HaitiWebdo

HaïtiWebdo du lundi 25 au dimanche 31 août 2014

Haïti – Conjoncture : Dialogue et élections en jeu sur fond de méfiance


lundi 1er septembre 2014

P-au-P, 1er sept. 2014 [AlterPresse] --- La situation politique ne semble pas inspirer confiance à plus d’uns.

A chaque jour qui passe, une petite dose de détérioration s’y infiltre ou se fait infiltrer.

Aucune date n’est annoncée depuis que le Conseil électoral provisoire (Cep) a informé le président Joseph Michel Martelly de l’impossibilité de tenir les joutes électorales parlementaires et des collectivités à la date du 26 octobre 2014.

Les amendements à la loi électorale ne sont toujours pas votés au Sénat.

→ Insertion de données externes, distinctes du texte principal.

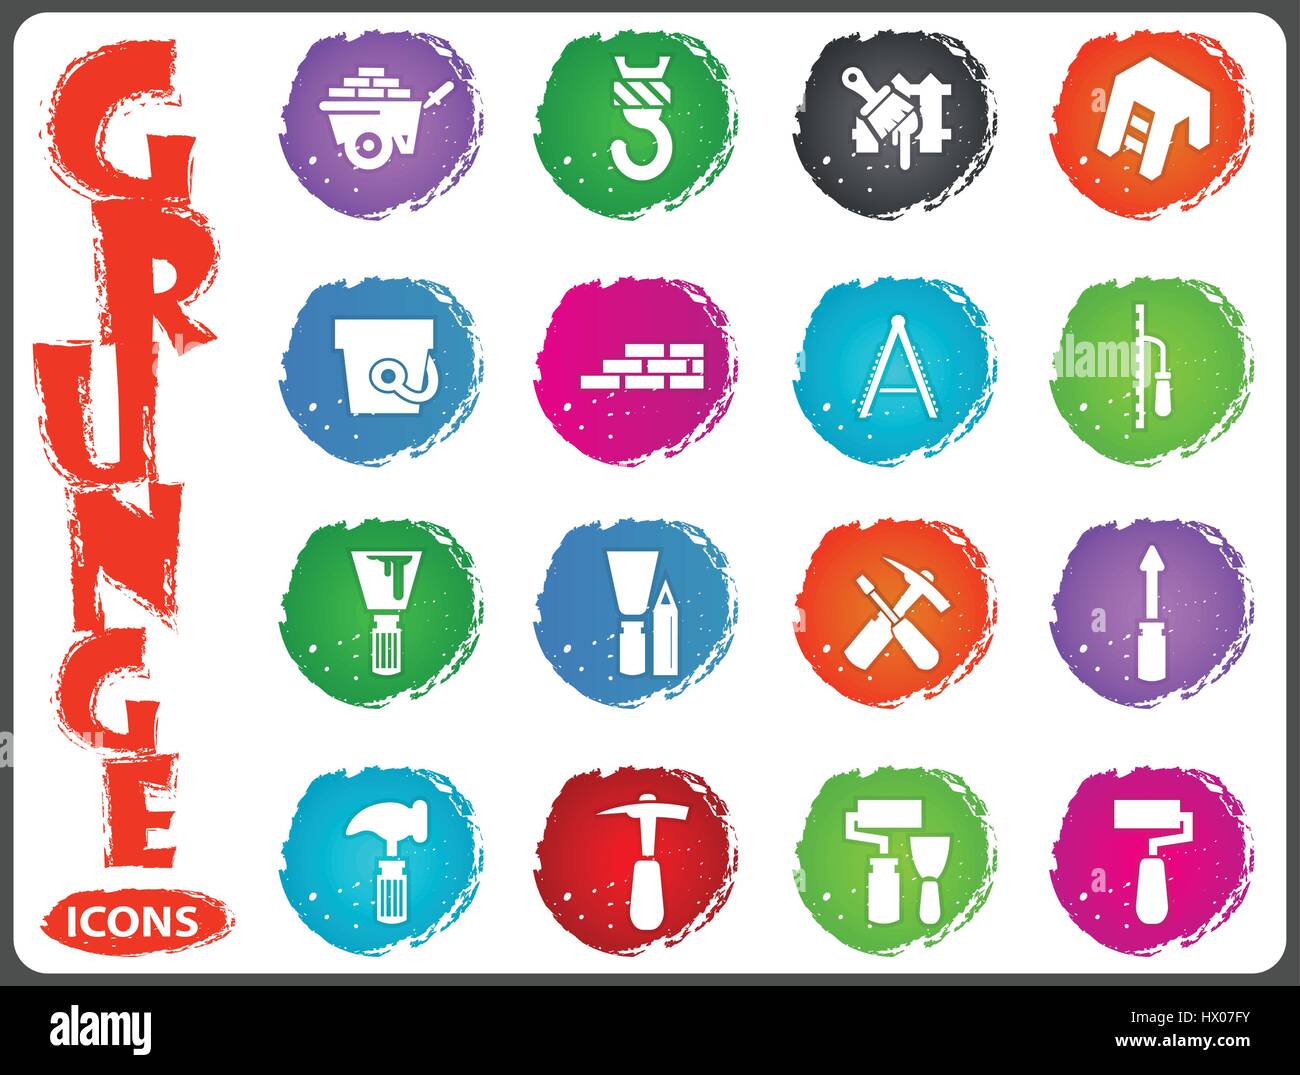 Work tools icon set for web sites and user interface in grunge style Stock Vector

On joue à cache-cache au dialogue.

Les évadés de prison courent encore les rues.

Et le temps presse.

Politique

Le groupe des 6 propice à une rencontre tripartite, Martelly invite

Le président Michel Martelly a répondu à l’appel au dialogue du groupe des 6 sénateurs de l’opposition, en les invitant ainsi que le président du Sénat, Dieusseul Simon Desras, à une rencontre, pour le lundi 1er septembre 2014, au palais national.

Cette rencontre devrait contribuer à aplanir le terrain et ouvrir la voie à l’amendement de la loi électorale de novembre 2013.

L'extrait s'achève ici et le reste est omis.